Roasted pepper sauce:
Roast peppers, tomatoes and shallots in 450°F oven until charred. Remove from oven and let cool. Peel off skins and place peeled vegetables in food processor. Add garlic purée and pepper mix. Process about 5 minutes. Pour sauce into heavy 2-quart pan; add stock and butter. Bring to a boil. Reduce heat to low and simmer 30 minutes.

Oyster toasts:
In heavy pot, heat enough oil to deep-fry oysters to 360°F. Before cooking, rinse oysters in cool water; dip in cornmeal.

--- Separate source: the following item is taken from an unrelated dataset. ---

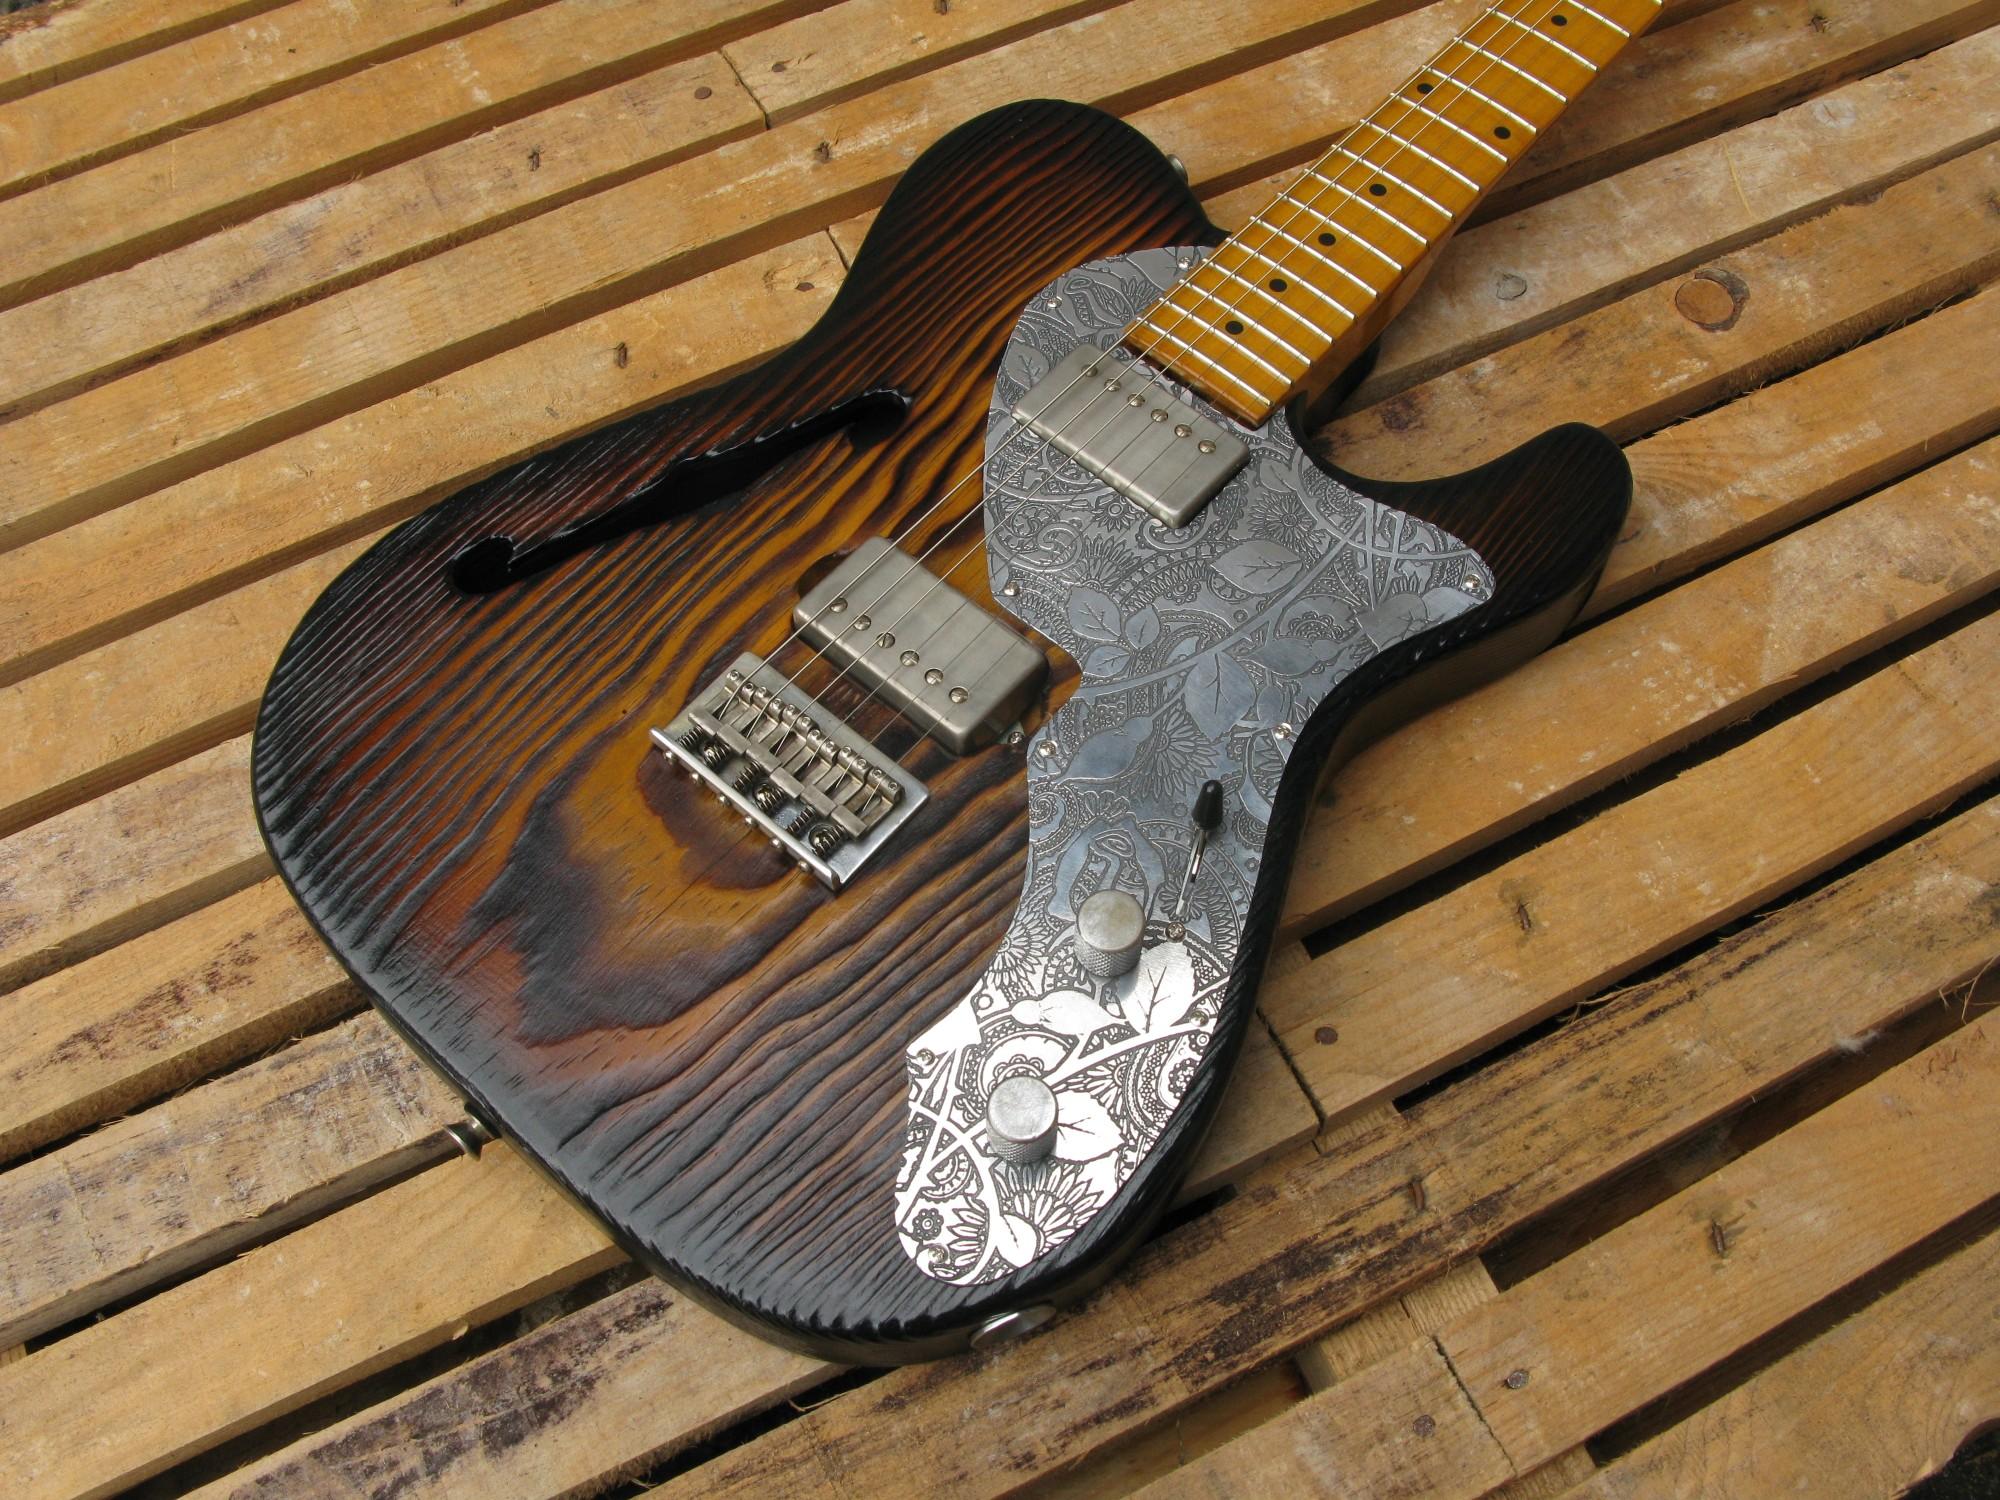 Body di una chitarra Telecaster Thinline in pino roasted con due PAF

Deep-fry oysters 3 to 4 minutes. Drain on paper towels. Cut French bread into 20 (1/4-inch thick) rounds. Brush with melted butter and toast under broiler until lightly browned.

To serve: Pour enough roasted pepper sauce on a platter to cover bottom. Place prepared toasts on top of sauce. Put a fried oyster on top of each toast. Pour a small amount of remaining pepper sauce on top of each oyster. Sprinkle with Romano cheese.

Comments from Kathleen Morrison :

As served at the Magnolia Bar & Grill, Houston.